Nowadays, you can find a tag cloud1 at every turn on the Internet. This is a visual representation of the frequency with which words appear in a text. Words that are more common are displayed in a larger font. Thus, the key words of the text immediately catch the eye. The visual effect can be enhanced by working with different colors and placement of the words. Usually a list of stop words is used as well. These are words that occur frequently in most texts. Words that appear in the stop word list, do not appear in the word cloud.

woordenwolk
Example of a tag cloud.

Assignment

Write a function tag cloud that returns the frequency of words that occur in a given text file in the form of a dictionary. Each word from the text that is not in a given stop word list is used as a key in the dictionary, and the corresponding value is the number of occurrences of that word in the text. The words of the text are formed by the longest possible sequences of letters and the apostrophe ('). The text fragment "Don't say that word!" thus consists of four words.
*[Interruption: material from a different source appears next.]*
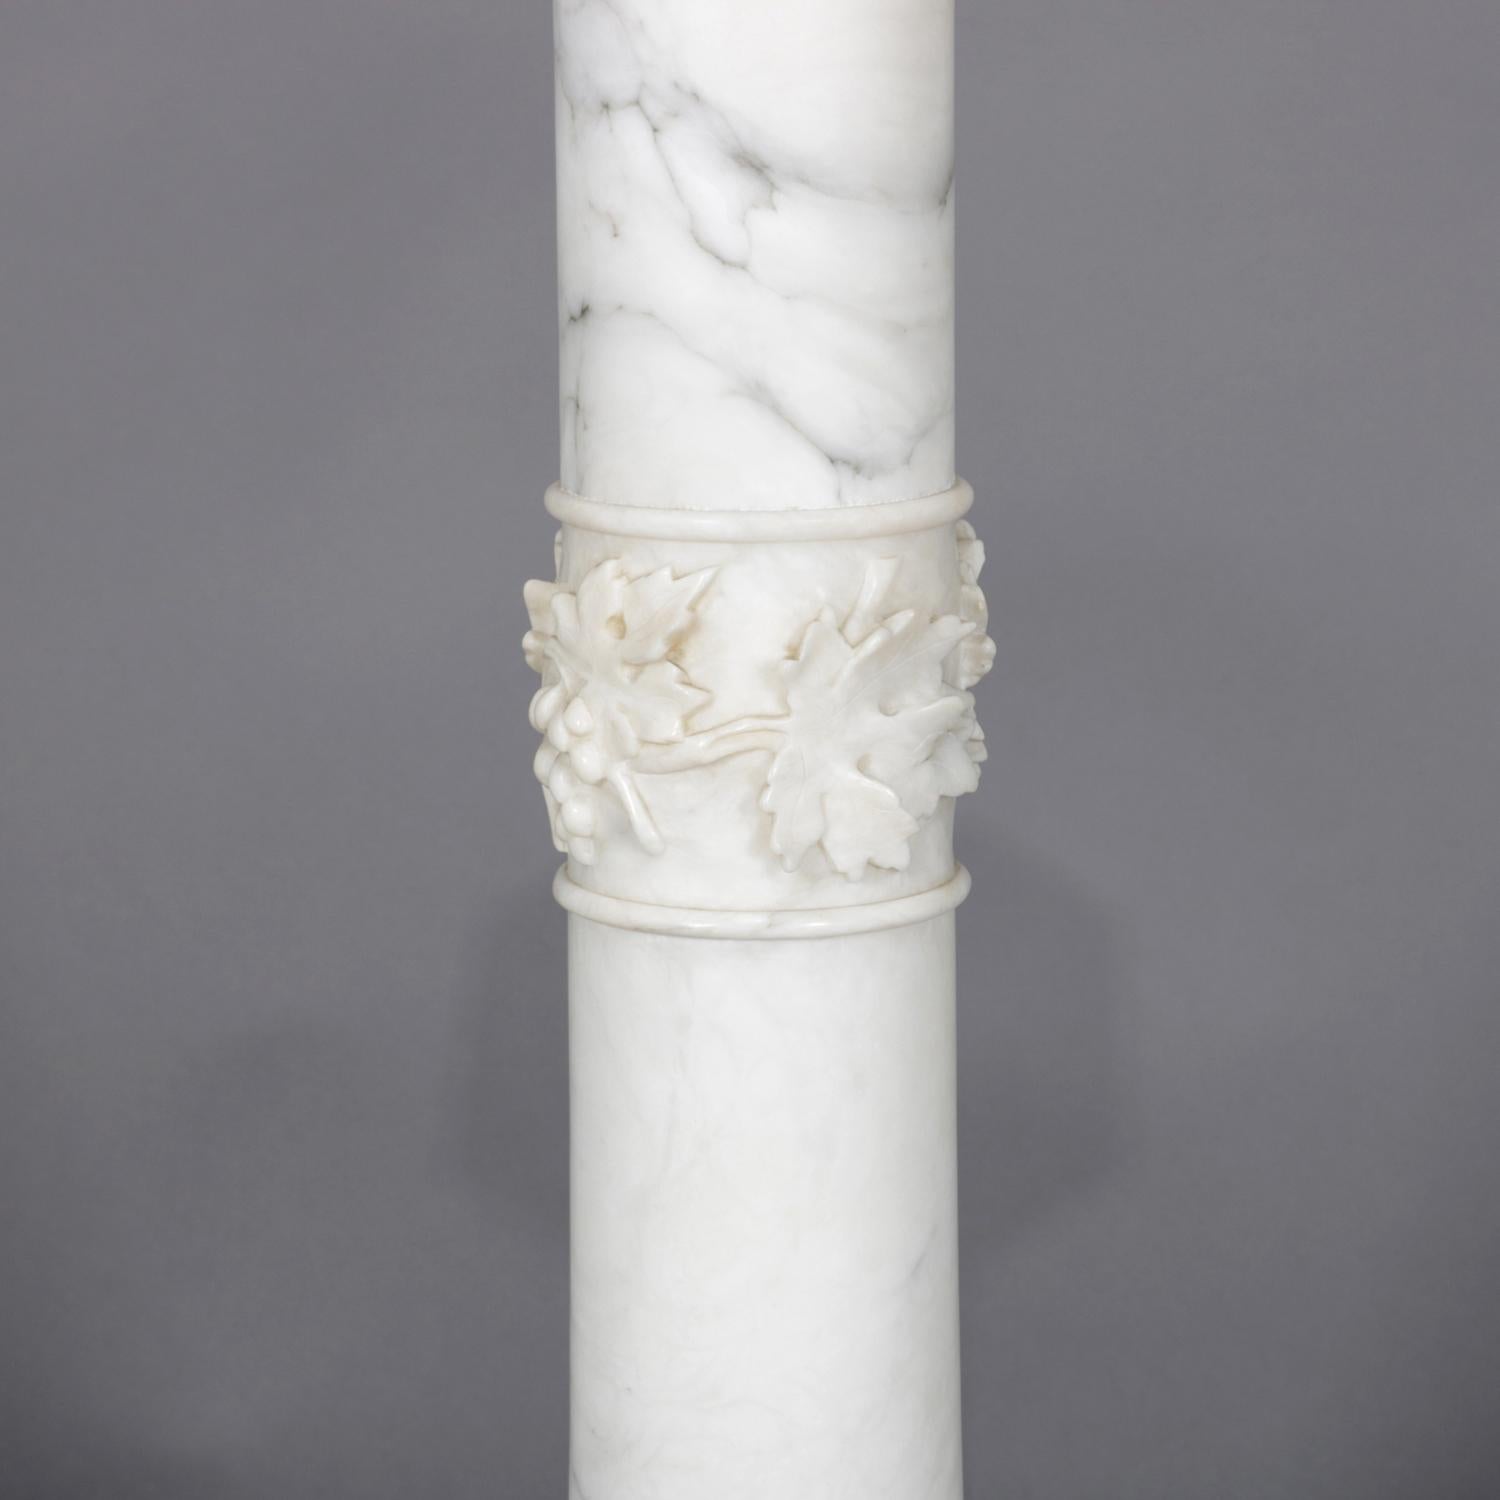 Antique marble sculpture pedestal features Classical Corinthian column-form with carved grape and leaf decoration and having clipped corner display, circa 1900.

Measures: 42

To the function takes the locations of two text files as its arguments. The first text file contains a few lines of text. The second text file contains a list of stop words, with each stop word on a separate line.

def tagcloud(textFile, stopWordsFile)

Note: If you correctly implement the function tagcloud, it will be used to generate a tag cloud based on the script of a famous film. Can you figure out which film?

Example

>>> tagcloud('tagcloud.txt', 'stopWords.txt')
{'say': 1, 'word': 2, "don't": 1}